Logging out on a 401 is pretty common in authentication, because it gives the user an opportunity to sign in again. Maybe the problem resulted in a 401 being returned, when it would have been better to return a 500.
In the web at least it was returning 500, I guess that the desktop/mobile apps make some check in intervals. When the backend returned 500 the app thought that the current login could not be authenticated and logged out everybody
I think some will aggressively log out even on 500s. If you log out 500s that's not the same as logging out failed network requests. The server has to actually send a response, so while it will erroneously log out sometimes, in a reliable api, or one that sends errors in 200s but is otherwise reliable, it won't be so often that a whole lot of users give up. Plus some API middlewares will default to hiding error response codes for security and always send 500 no matter what the upstream response code (this assumes the error codes aren't needed by the devs because they can look at the logs).

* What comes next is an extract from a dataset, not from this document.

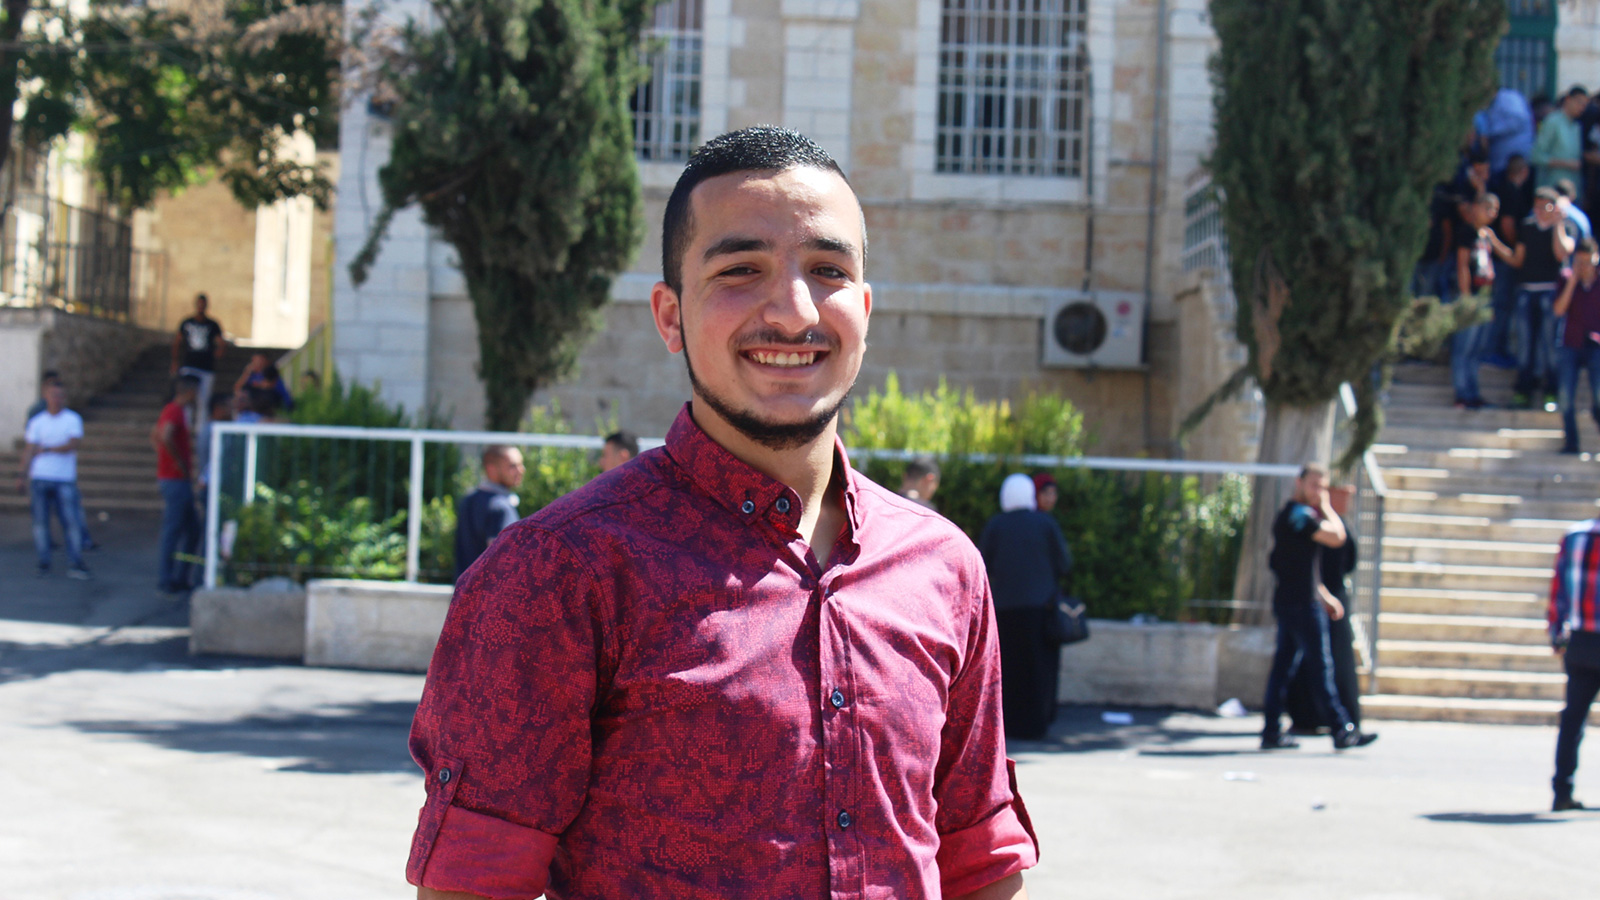 الطالب وليد أبو سنينة سعيد بالنجاح لكنه لم يقرر التخصص الذي يريد دراسته (الجزيرة نت)

I've seen logging out on failed network requests, but that is highly annoying and frequently occurs and typically just a coding mistake.

Maybe some token expired and could not be renewed. They also mentioned a bug on a client grpc library.
Everybody was instantly logged out, which doesn’t make sense if their backend just went down, as the app normally works fine offline.
Well, not everybody, since I was logged in all week and didn't experience any downtime.